Just wanted to say, thanks Frank for the beautiful shrimp


----------



## jiang604

msnikkistar said:


> Just wanted to say, thanks Frank for the beautiful shrimp


lol she wanna give u some babies already! =D world North America domination with crowns and flowers lol


----------



## mysticalnet

msnikkistar said:


> Just wanted to say, thanks Frank for the beautiful shrimp


Hey you're on plantedtank forum too, are u in the states or Canada? And also where did u get that watermark?


----------



## jiang604

mysticalnet said:


> Hey you're on plantedtank forum too, are u in the states or Canada? And also where did u get that watermark?


Nikki is from states and she made that watermark same with mine


----------



## msnikkistar

As Frank said and my information here, I am from the states. California to be exact. I created both watermarks for both of us. Frank with his name, and mine with my name.


Frank was nice enough to give me a little "birthday" present


----------



## mysticalnet

jiang604 said:


> Nikki is from states and she made that watermark same with mine


So cool! Where did u guys get it? I want one too! Oh and do u sell breeder tubes?


----------



## mysticalnet

msnikkistar said:


> As Frank said and my information here, I am from the states. California to be exact. I created both watermarks for both of us. Frank with his name, and mine with my name.
> 
> Frank was nice enough to give me a little "birthday" present


Ah ok... I am using iPhone now so it doesn't show your location like on the computer 

Are u his source of blue tigers lol, don't need to answer this question


----------



## jiang604

mysticalnet said:


> Ah ok... I am using iPhone now so it doesn't show your location like on the computer
> 
> Are u his source of blue tigers lol, don't need to answer this question


why would my blue tigers be from the states? My original stock long ways back is from Japan.


----------



## mysticalnet

jiang604 said:


> why would my blue tigers be from the states? My original stock long ways back is from Japan.


Don't know, blue tigers from states are awesome too


----------



## msnikkistar

Uhh....

Frank is my source for shrimp


----------



## lamyfung

Nice shrimps.. each egg is probably worth more than gold in weight


----------



## VinnyD

wow..amazing photos and shrimps....envious..haha


----------



## fraggalrock

Very nice shrimp! Major wow factor!


----------



## gwcana

very cool. So detailed


----------



## blackbean

Awesome!! BKK is very goooood!!


----------



## jiang604

Thankyou all for all the comments


----------



## jiang604




----------



## jiang604




----------



## kookus

Just incredible...


----------



## mysticalnet

nice shrimps!


----------



## VinnyD

Frank..maybe u could have a side job selling photos of your shrimps...they look so cool.


----------



## jiang604

VinnyD said:


> Frank..maybe u could have a side job selling photos of your shrimps...they look so cool.

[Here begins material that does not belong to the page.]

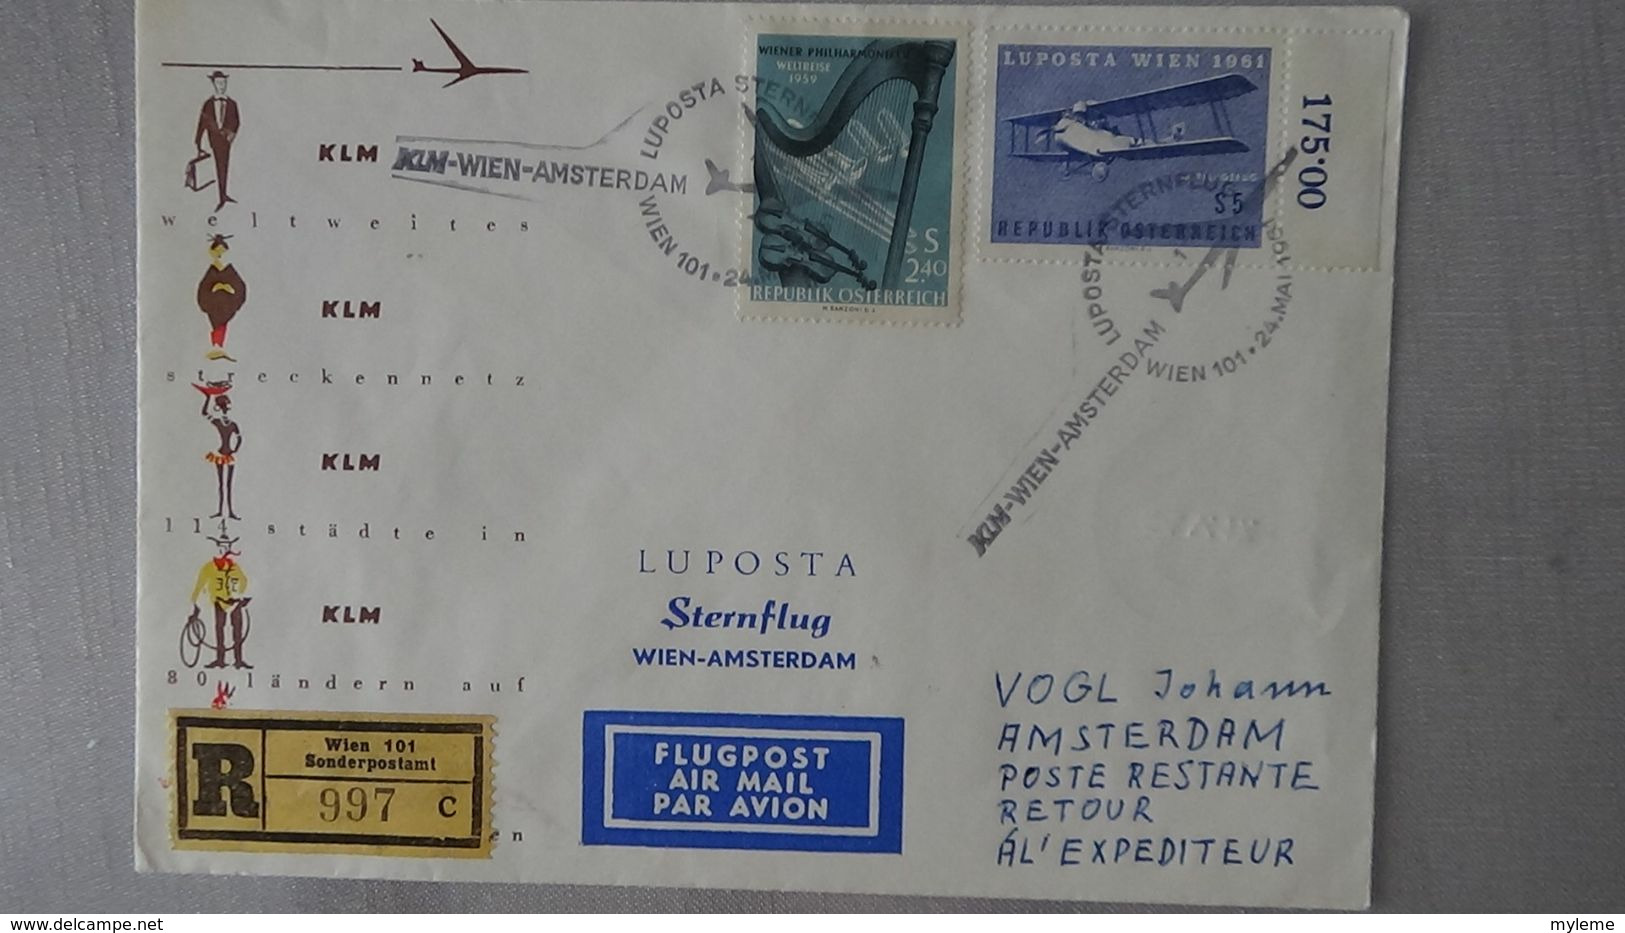 G120 Carton 27 kgs de plusieurs centaines de cartes postales, courrier dont Europa, aviation .....Voir commentaires !!!

lol thankyou, I assure you i am just an amateur. And the camera I am using is just a point and shoot Panasonic DMC-FX01 fairly old. with an exposure level of -1


----------



## pisces

very beautiful shrimp, black colur look very cool!!


----------



## jiang604

pisces said:


> very beautiful shrimp, black colur look very cool!!


looks better in person. Camera cant capture the shiny lustre of the black.


----------



## RoryM

That last panda is one fat mama.


----------



## MananaP

RoryM said:


> That last panda is one fat mama.


I see you are also here, nice hehehe.


----------



## jiang604




----------



## lamyfung

wow what is that


----------



## Tn23

Its called Panda and Black King Kong Shimps. They are berried.


----------



## lamyfung

but... it's yellow and blue !


----------



## MananaP

Tn23 said:


> Its called Panda and Black King Kong Shimps. They are berried.


Love these females.


----------



## msnikkistar

Thanks Frank 

Less then two weeks of having my bday present, and she is giving me babies


----------



## tang daddy

msnikkistar said:


> Thanks Frank
> 
> Less then two weeks of having my bday present, and she is giving me babies


Nikki your lucky, my b-day is Thursday I wonder what frank is gonna give me!!!


----------



## Tn23

^Chris don't worry! Franks for a big surprise in stock for you buddy


----------



## tang daddy

Ah hahahah 

(rubbing hands together so fast I almost started a fire...)


----------



## msnikkistar

Tn23 said:


> ^Chris don't worry! Franks for a big surprise in stock for you buddy


I was drinking tea when I read this, and now I have sweet tea in my nose.


----------



## jiang604

Not a berried shrimp obviously... but someone was saying a PFR male was not possible:


----------



## jiang604

The army....


----------



## tang daddy

looks nice frank... what are those other voilet colour shrimp?


----------



## jiang604

tang daddy said:


> looks nice frank... what are those other voilet colour shrimp?


clear snowballs with PFR behind it making it look pink. The back is a yellow styrofoam background to keep tank uniformly warm.


----------



## jobber

some gorgeous shrimps! it's like going through a national geographic photo album.


----------